Su obstinación fue, sin embargo, lo menos sorprendente. Una mujer conocida por su timidez demostró de repente ambición y carisma en público. Los historiadores relacionan esa transformación con el descubrimiento de la infidelidad de su marido con una secretaria personal.

Aquella nueva Roosevelt se entregó a una incansable vida pública desde mediados de los años treinta hasta incluso después de la muerte de su esposo, 1945, una época que el país intentaba ponerse en pie frente a la crisis económica y la Segunda Guerra Mundial.

Y no sólo sentó cátedra con su actitud, sino que pasó a la historia por ser la primera en comparecer en frecuentes ruedas de prensa, viajar por el país a mítines y actos políticos, y expresar sus opiniones con elegancia en su columna diaria "My Day" (Mi día), publicada en varios periódicos.

"Tan solo Hillary Clinton se ha implicado tanto en política y ha sido tan activa.

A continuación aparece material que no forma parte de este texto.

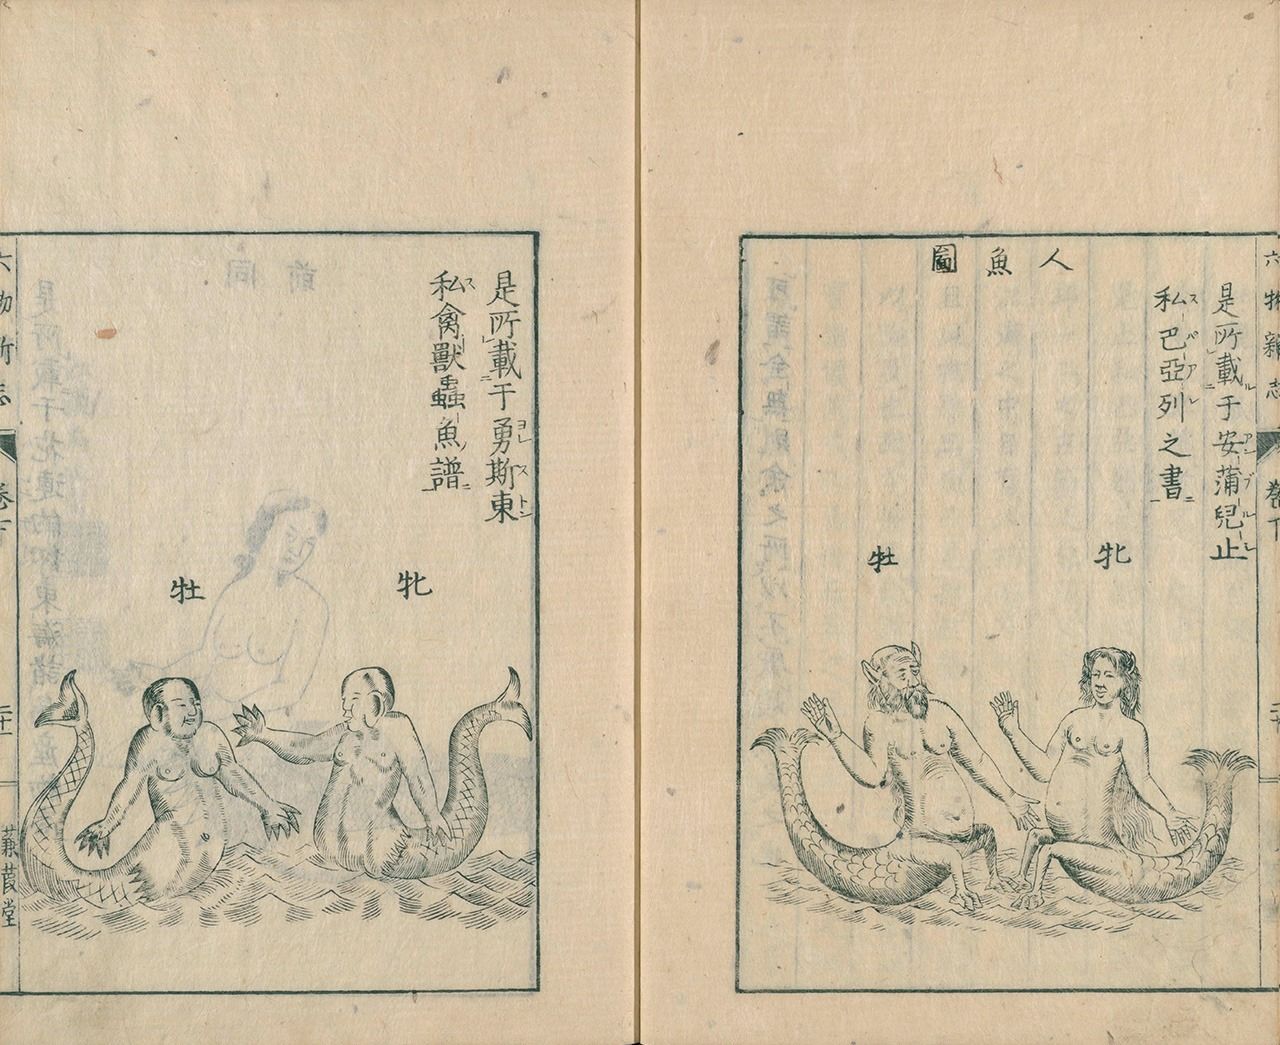 Ilustraciones de sirenas de Johnston (izquierda) y de Paré (derecha), recogidas en el Rokumotsu shinshi. (Colección digital de la Biblioteca Nacional de la Dieta)

Tal vez sea la segunda en este sentido después de Roosevelt", opina la historiadora que ha analizado discursos y campañas de Primeras Damas en su libro "The President's Partner" ("La compañera del presidente)".

Algunas se dedicaron a causas de gran trascendencia, como la reforma de salud de la que Clinton fue y es una firme defensora, o el "no a las drogas" de Nancy Reagan.

Otras han preferido encabezar campañas menos controvertidas como Laura Bush y su promoción de la lectura, o la propia Kennedy que se dedicó a renovar la Casa Blanca y abrió las nuevas y acogedoras estancias al público en unos paseos televisados por su interior.

MICHELLE OBAMA, “TODAVÍA EVOLUCIONANDO”. Para la historiadora, el papel de Obama, una exitosa abogada educada en la elitista Harvard, "está todavía evolucionando" mientras batalla contra la obesidad infantil.

De ella la historiadora esperaba más implicación tras involucrarse en la campaña electoral de su marido, pero cree que se ve todavía condicionada por "dos jóvenes muchachas", sus hijas, a las que cuida con celo, empeño y preocupación.

Y tal vez por eso sea comprensible un comentario como el desmentido, sobre todo tras el intrusismo de los medios de comunicación en sus vacaciones en España, que tanto revuelo causaron en EE. UU., o la obsesión y admiración de su fotografiado estilo a la hora de vestir.

¿Lo viviría igual un Primer Caballero? Gutin reconoce que lo duda, pero señala que para responder habrá todavía que esperar al menos unos cuantos años.